As part of an audit in accordance with Australian Auditing Standards, we exercise professional judgement and
maintain professional scepticism throughout the audit. An audit involves performing procedures to obtain audit
evidence about the amounts and disclosures in the financial report.
The procedures selected depend on the auditor's judgement, including the assessment of the risks of material
misstatement of the financial report, whether due to fraud or error. In making those risk assessments, the auditor
considers internal control relevant to the entity's preparation of the financial report that gives a true and fair view
in order to design audit procedures that are appropriate in the circumstances, but not for the purpose of
expressing an opinion on the effectiveness of the entity's internal control.
The risk of not detecting a material misstatement resulting from fraud is higher than for one resulting from error,
as fraud may involve collusion, forgery, intentional omissions, misrepresentations, or the override of internal
control.
An audit also includes evaluating the appropriateness of accounting policies used and the reasonableness of
accounting estimates made by the Directors, as well as evaluating the overall presentation of the financial report.
We conclude on the appropriateness of the Directors' use of the going concern basis of accounting and, based
on the audit evidence obtained, whether a material uncertainty exists related to events or conditions that may
cast significant doubt on the Group's ability to continue as a going concern.

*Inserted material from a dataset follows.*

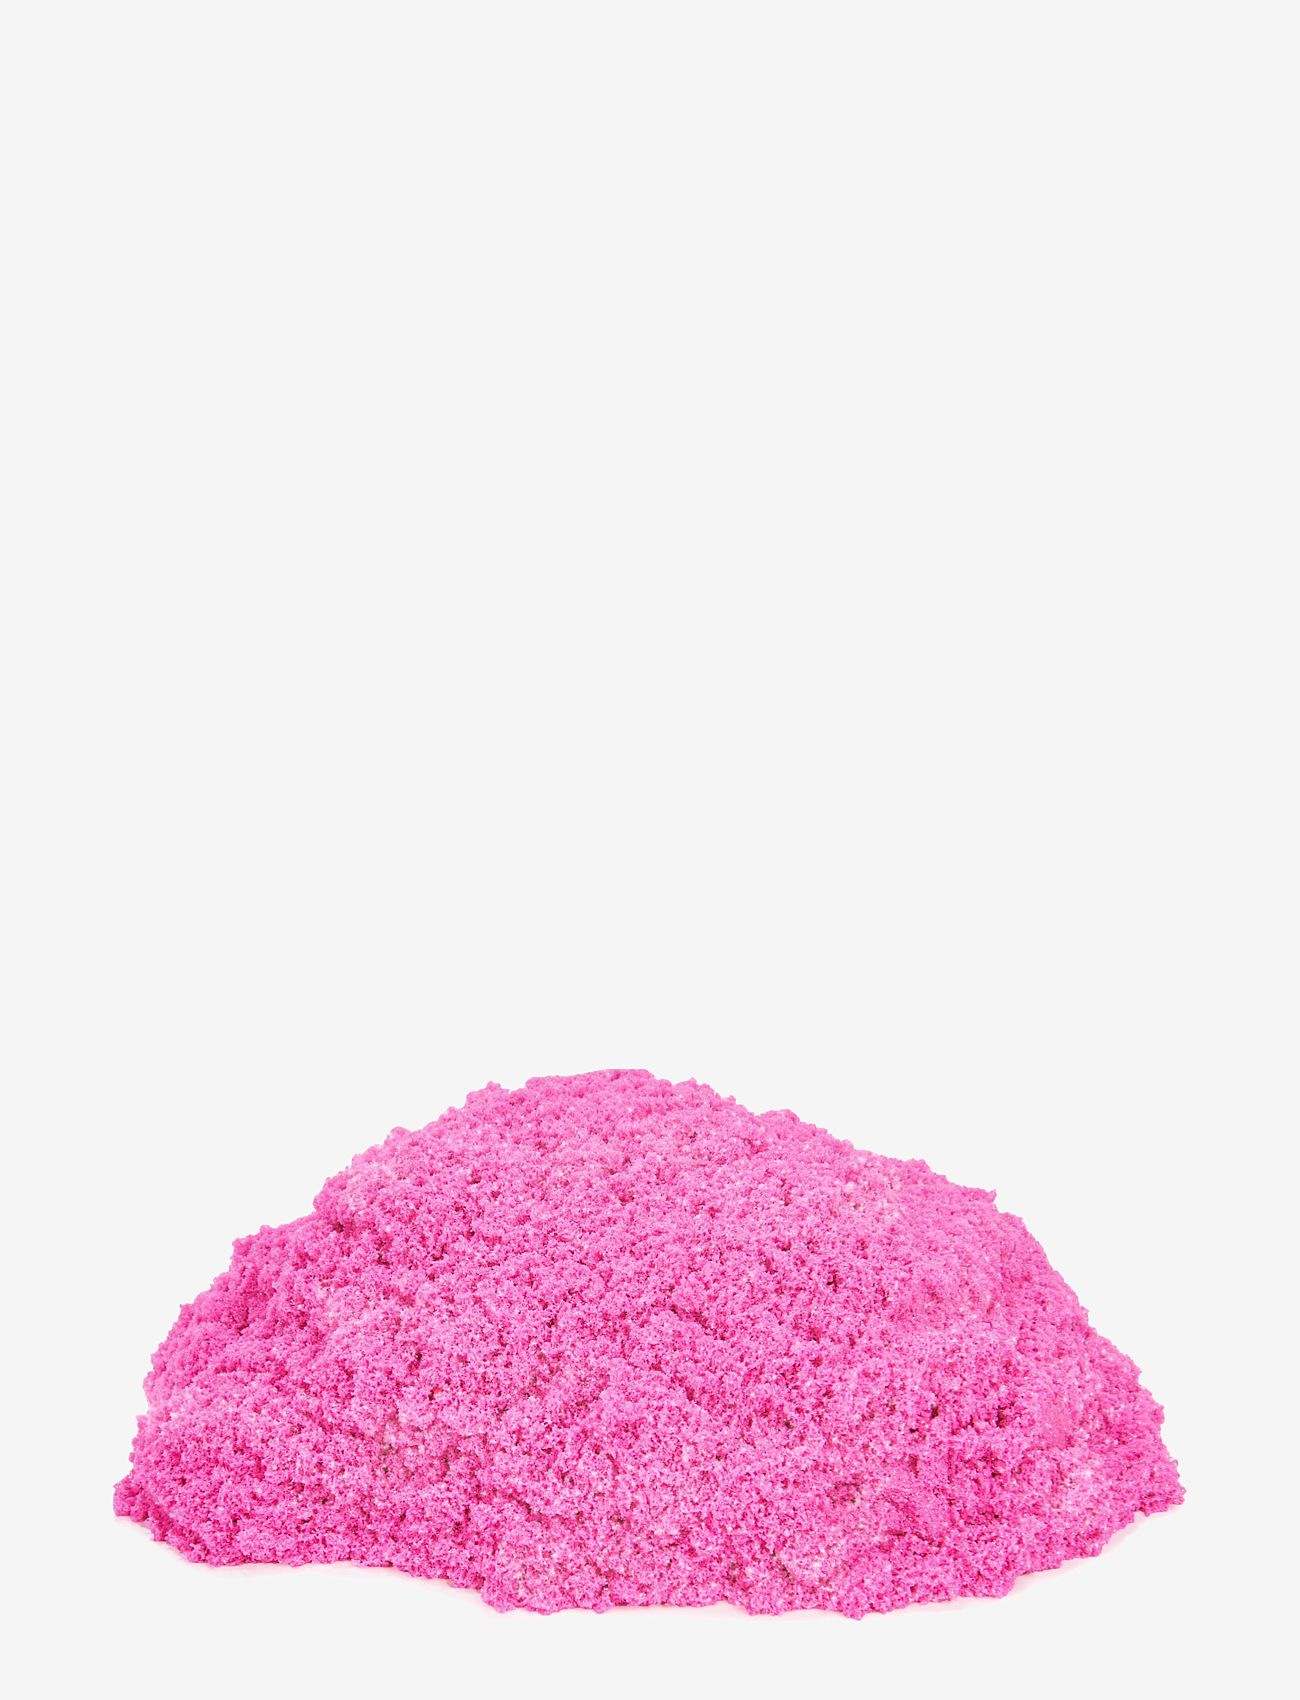 Kinetic Sand - Kinetic Sand Glitter Sand Pink - slim - multi - 1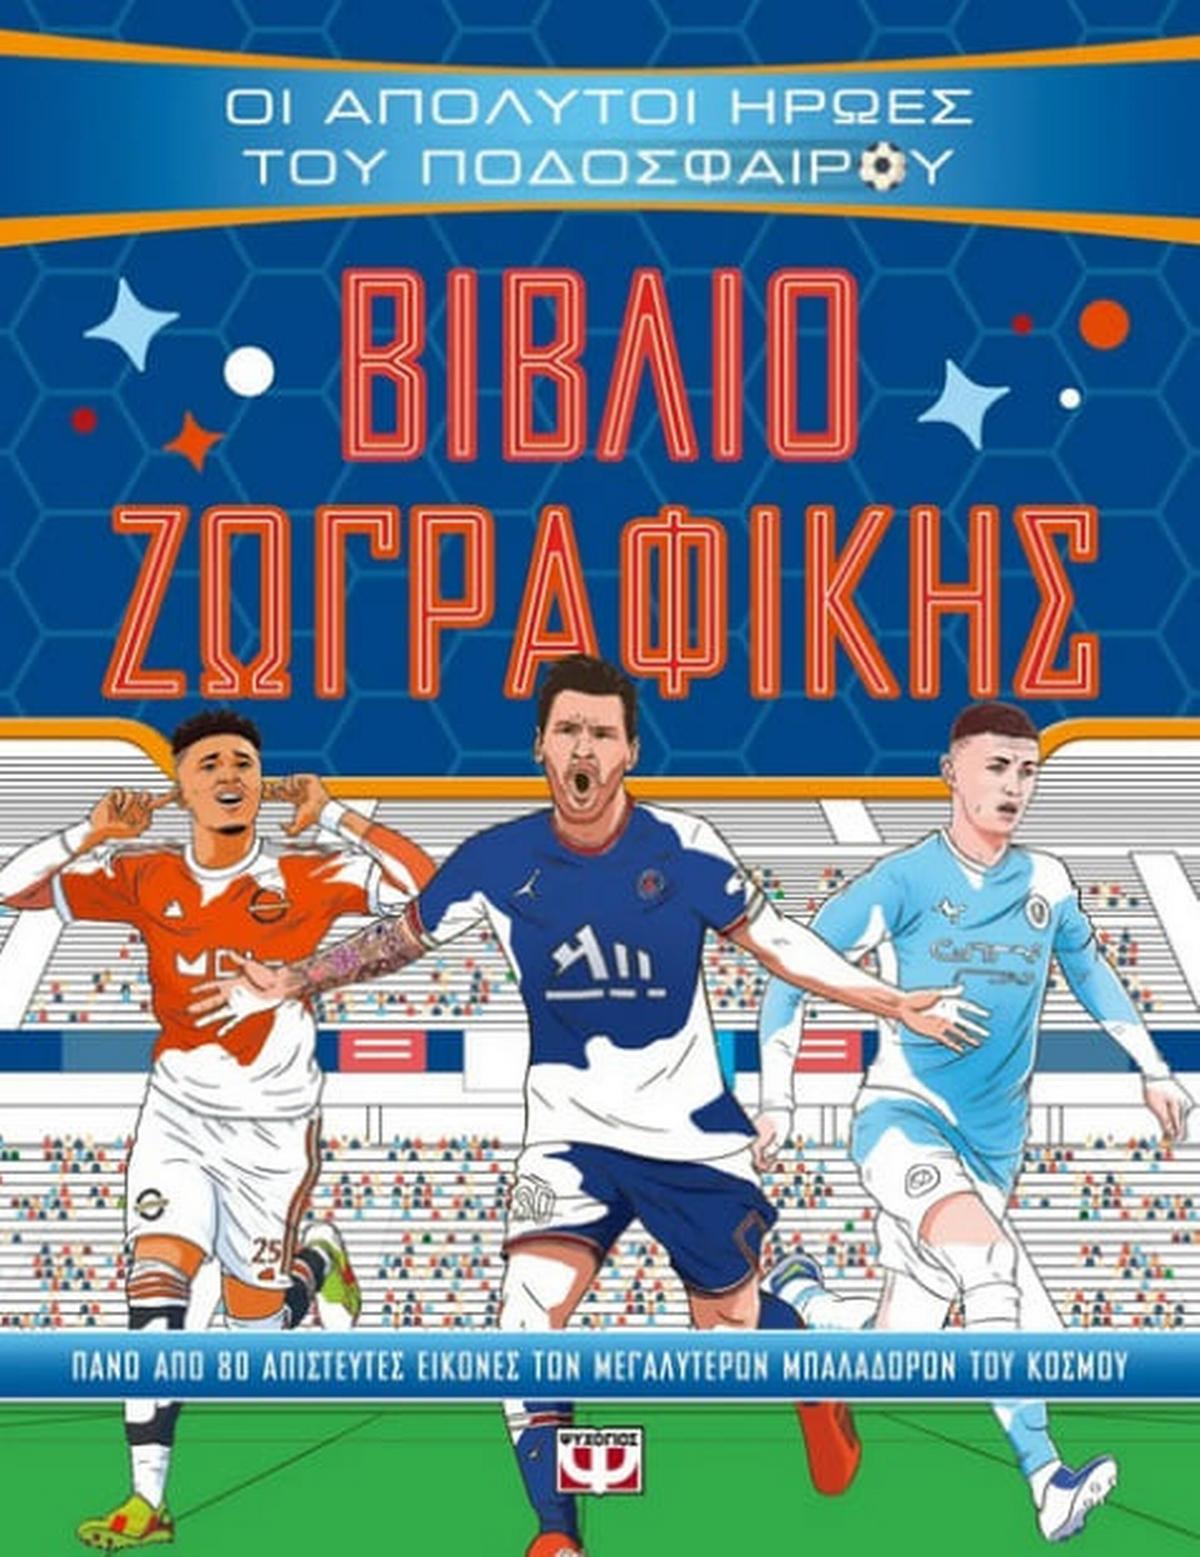 Οι απόλυτοι ήρωες του ποδοσφαίρου: Βιβλίο ζωγραφικής

If we conclude that a material
uncertainty exists, we are required to draw attention in our auditor's report to the related disclosures in the
financial report or, if such disclosures are inadequate, to modify our opinion. Our conclusions are based on the
audit evidence obtained up to the date of our auditor’s report. However, future events or conditions may cause
the Group to cease to continue as a going concern.
We evaluate the overall presentation, structure and content of the financial report, including the disclosures, and
whether the financial report represents the underlying transactions and events in a manner that achieves fair
presentation.
We obtain sufficient appropriate audit evidence regarding the financial information of the entities or business
activities within the Group to express an opinion on the financial report. We are responsible for the direction,
supervision and performance of the group audit. We remain solely responsible for our audit opinion.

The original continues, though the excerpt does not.